I will be quite busy in the foreseeable future, and I wanted to reply properly, so it took me a while.
Thanks for your reply. I aim to read some of Bill's work and your work.
I'm not sure what you classify as "informal endgame theory".
Personally, my ideas are mostly based around miai counting (which I learnt from Sensei's library) because I think the mean value theorem makes non-trivial progress. But miai counting does seem to have some flaws around distinguishing gote/sente and hence infinitesimals. As far as I can tell, your first post is pretty much a list of the concepts that miai counting is based on (in the sense that "play gote in order of decreasing move values" isn't as good advice if you use deiri counting)
For sure move values come first. Tedomari is subtle enough that it is as easy to lose as gain if you don't read far enough ahead, and even if you succeed in tedomari, you gain at most the largest move value (in the rest of the game) compared to the greedy algorithm of always taking the move of largest miai value.
As for mutual reduction, I guess one would need to define or work out what counts as a defender's endgame tree vs attacker's.
All else being equal, my point was that mutual reduction only works if you have some sort of advantage that breaks the symmetry, generally being "thicker" on the board, or having more follow ups from going further into your opponent's area (the opposite of how you phrased my point). I now see that what I said about more follow ups may be misleading, at the least it is non-linear. It seems not so easy to describe what the conditions are for mutual reduction to work except in the simplest cases.

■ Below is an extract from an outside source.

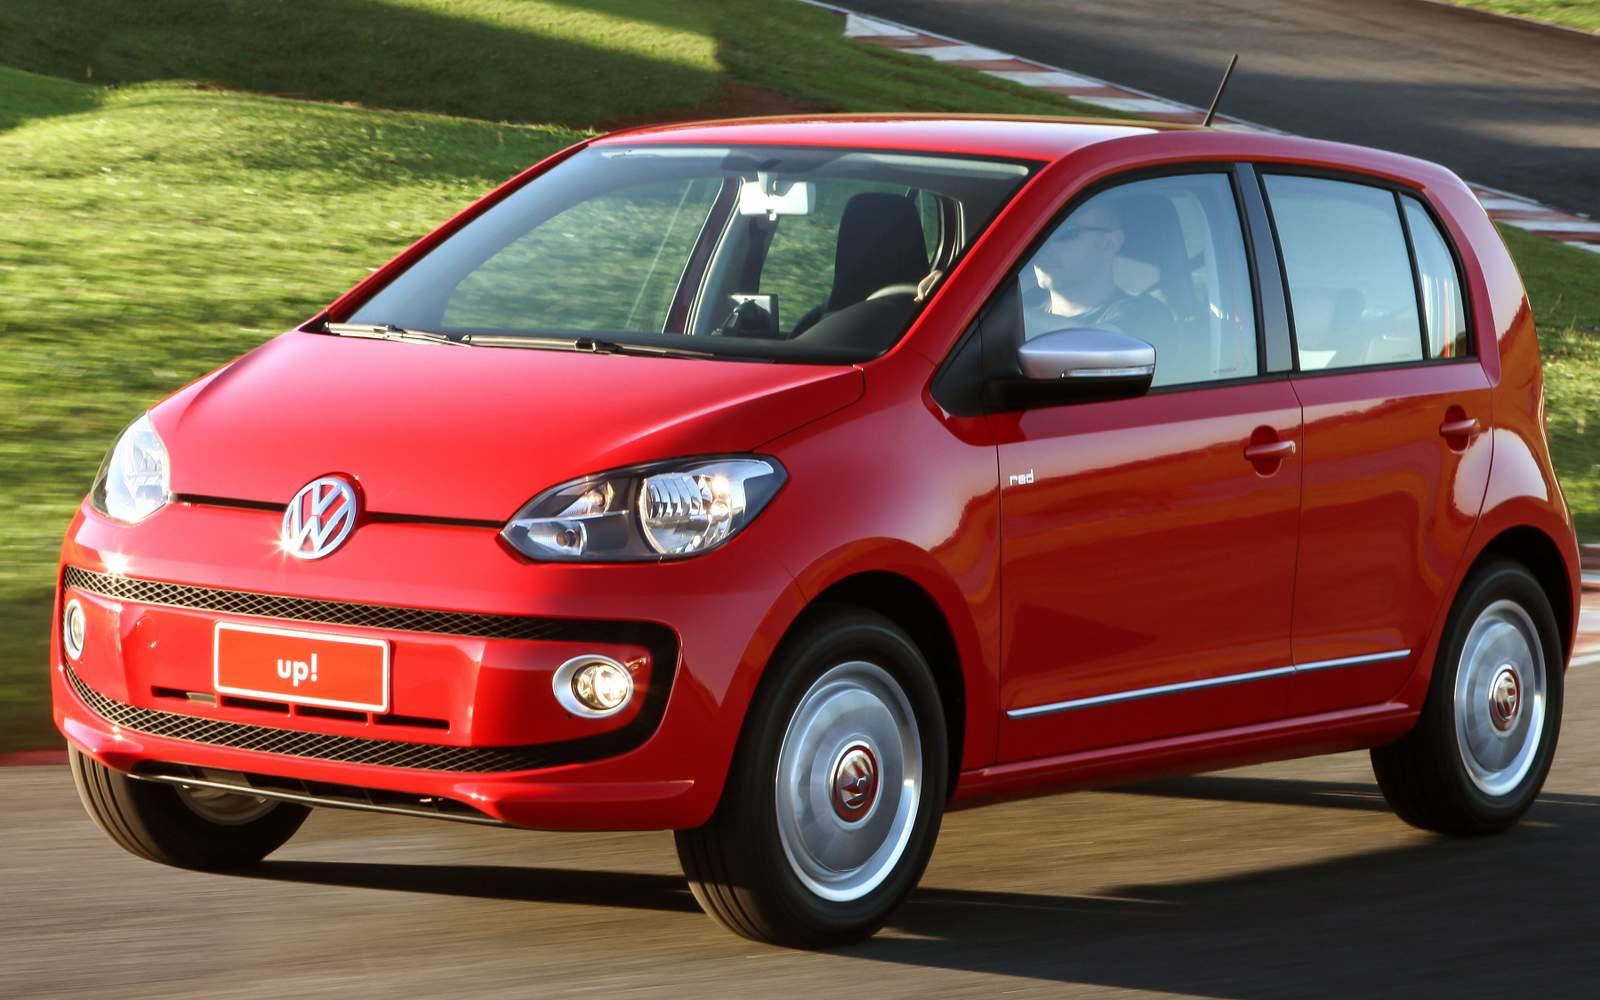 Volkswagen up! 2015 - vendas em alta

You could view this in terms of miai values: if your follow ups are larger/sente this increases the miai values of moves you play attacking your opponent's territory rather than defending your own.
You could also view this in terms of the structure of the game tree (my point still can hold if miai values are the same). For example you could say that in the defender's tree, there are more places for them to retreat to and often just one move of theirs will settle the position, whereas for the attacker to enter further, they need several moves in a row. This becomes related to the UPs and DOWNs of CGT. In my sgf there was the most simple scenario of two corridors that end in TINY/MINY and that you have the opportunity to play a mutual reduction if the corridor lengths are equal and you have a larger sente at the end.
If the corridor lengths are not equal or there are multiple, I'm not sure what happens. But in the simple case of two corridors ending in TINY/MINY, it seems your phrasing works (sort of). If the corridor in your opponent's territory is shorter, you have an advantage because you can reach the sente faster before coming back to defend your own. (it is a bit like moves closer to the root of the game tree count with a higher weight than those further down)
I wrote up some somewhat related ideas, nothing to do with mutual reduction, but just some calculations of elementary endgame scenarios over the last few days here:
https://dhu163go.files.wordpress.com/20 ... ciples.pdf
I see there has been a lot of discussion on the endgame on L19 over the last few years and I hope to read some of it.